It's at that point that Mr. Sullivan breaks off his staring contest with Lauren Zizes to announce, "Five more minutes, people. Let's wrap it up so you can get started on your readings for tomorrow." His smile gleams amidst a sea of groans.
"Okay, you've already given me like half of your answers," Mike says, scribbling frantically. "What's your favorite food?"
"Chocolate cake, man. It is a gift from the gods."
He doesn't move around much in class anymore, but Artie's advice drums through his head.
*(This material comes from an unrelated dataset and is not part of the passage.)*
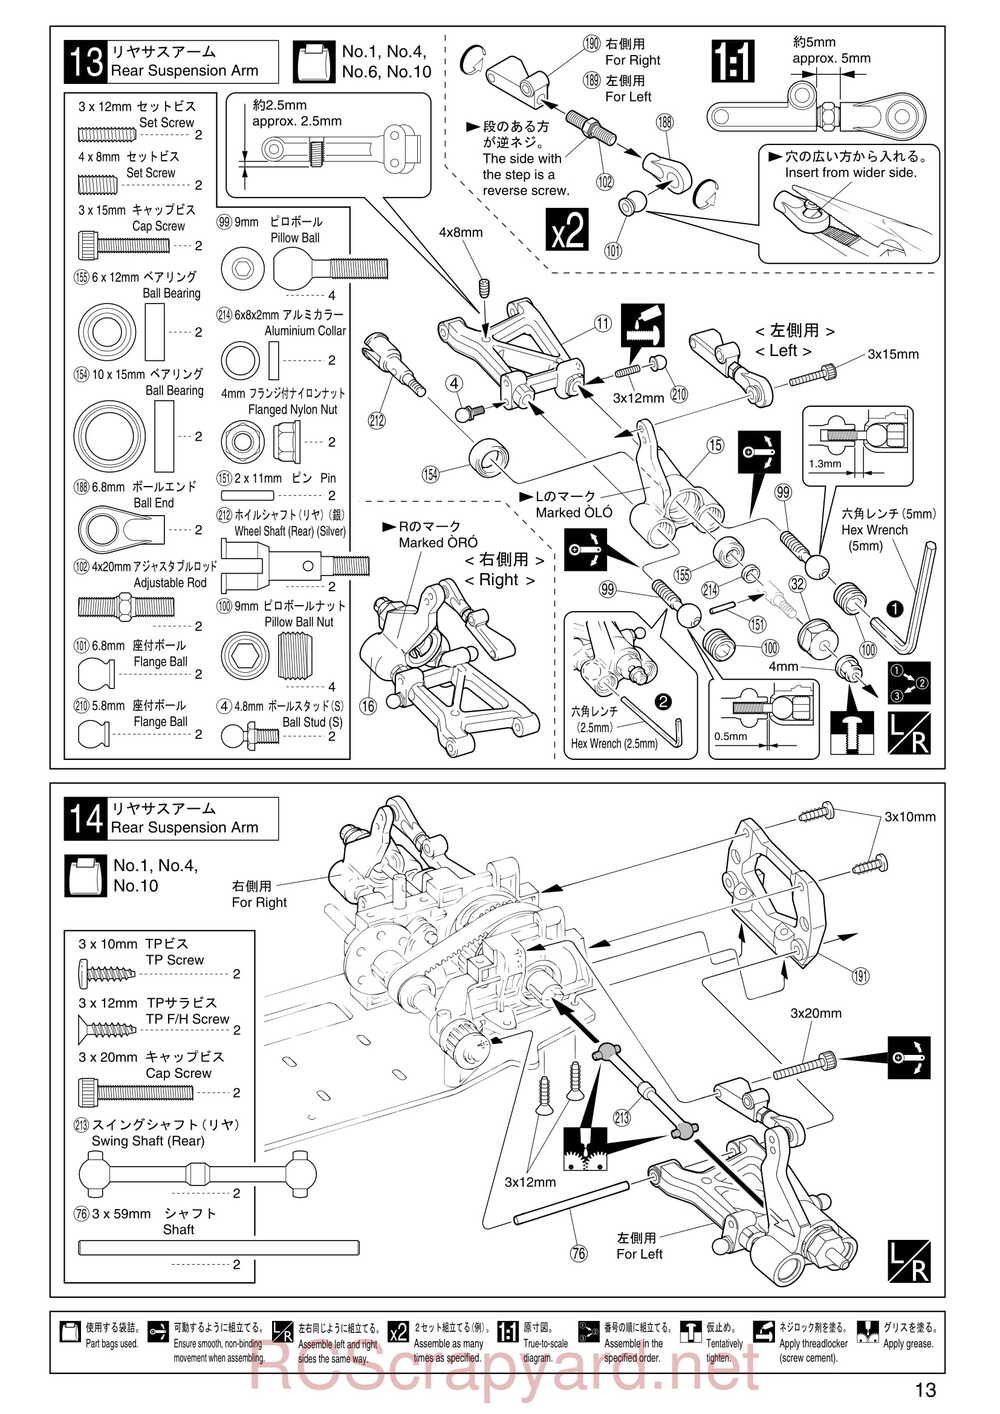 Kyosho - 31255 - V-One RR Evolution - Manual - Page 13
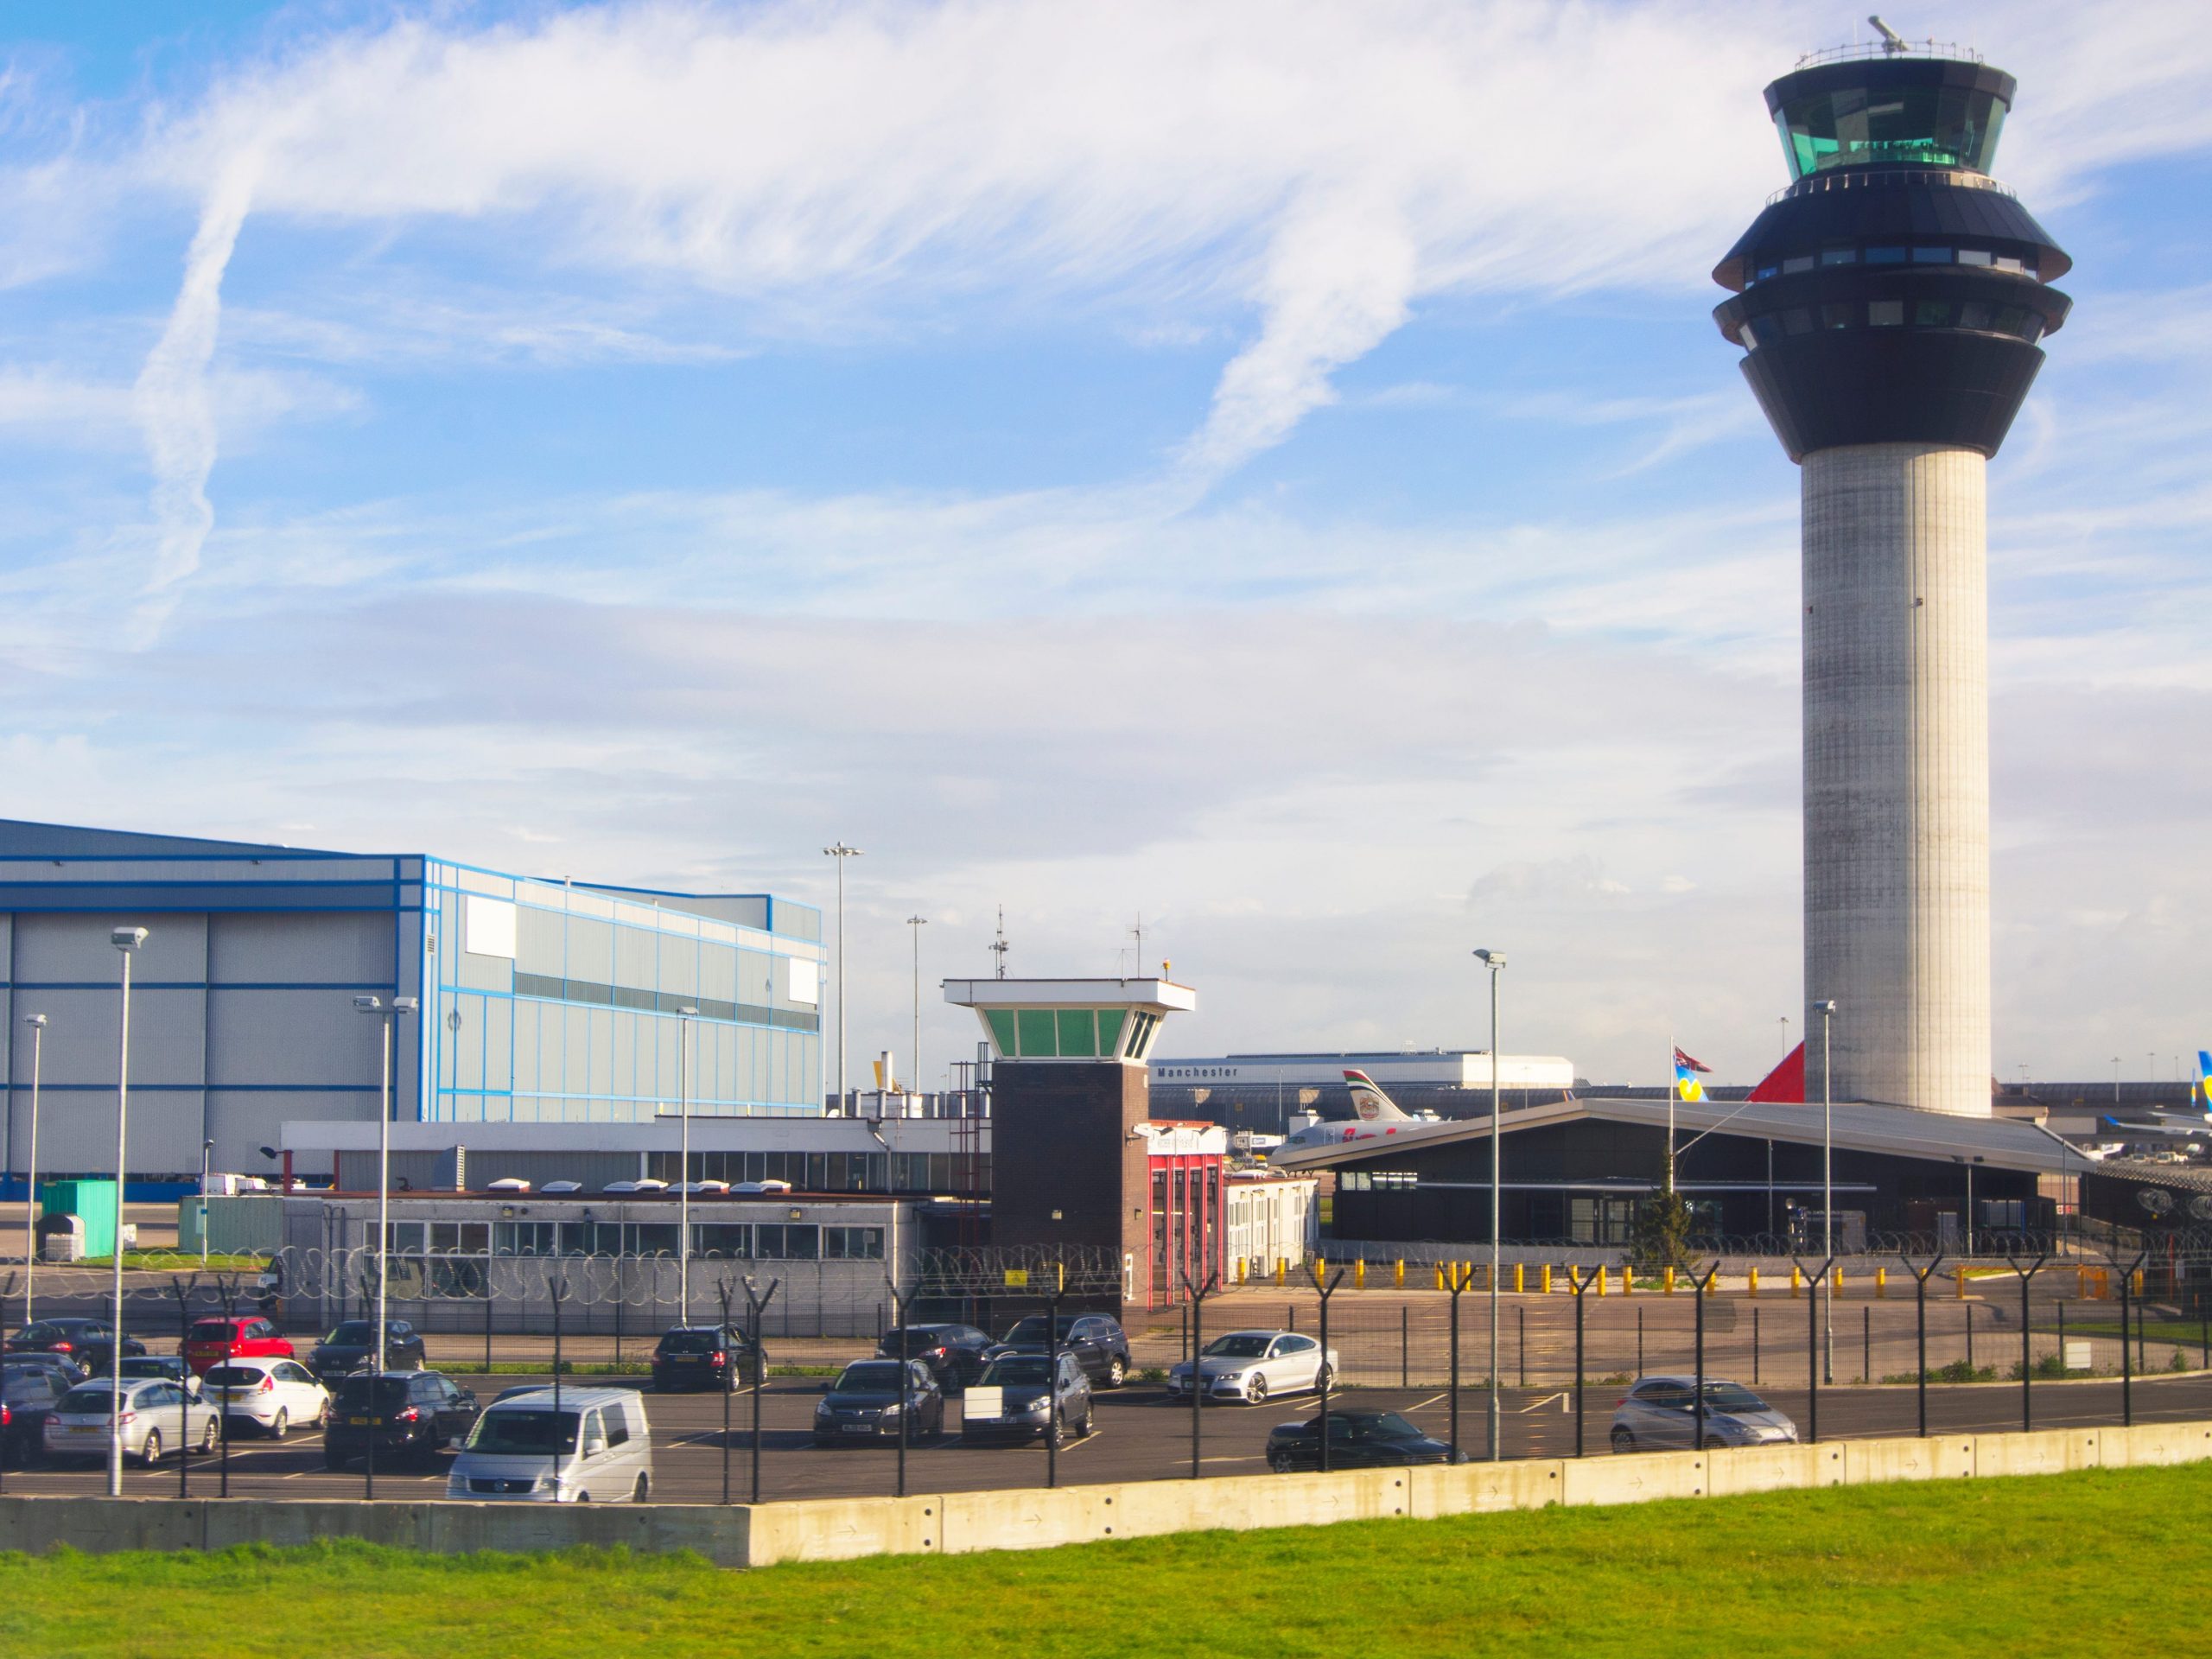 Verkeerstoren en terminalgebouwen op de internationale luchthaven van Manchester, VK.

It's pounding so hard against all Mike expects himself to be that when he sees Tina in the hall, he kisses her with enough tongue to get him detention if Sue Sylvester happens along.
Tina pulls away, smiling. "What was that for?"
"For being someone who loves me," he says, kissing her forehead. "Meet me in the choir room at lunch?"
"We almost got caught last time..."
"I just want to try out a new routine."
"Like I said, we almost got caught last time, Michael Robert Chang."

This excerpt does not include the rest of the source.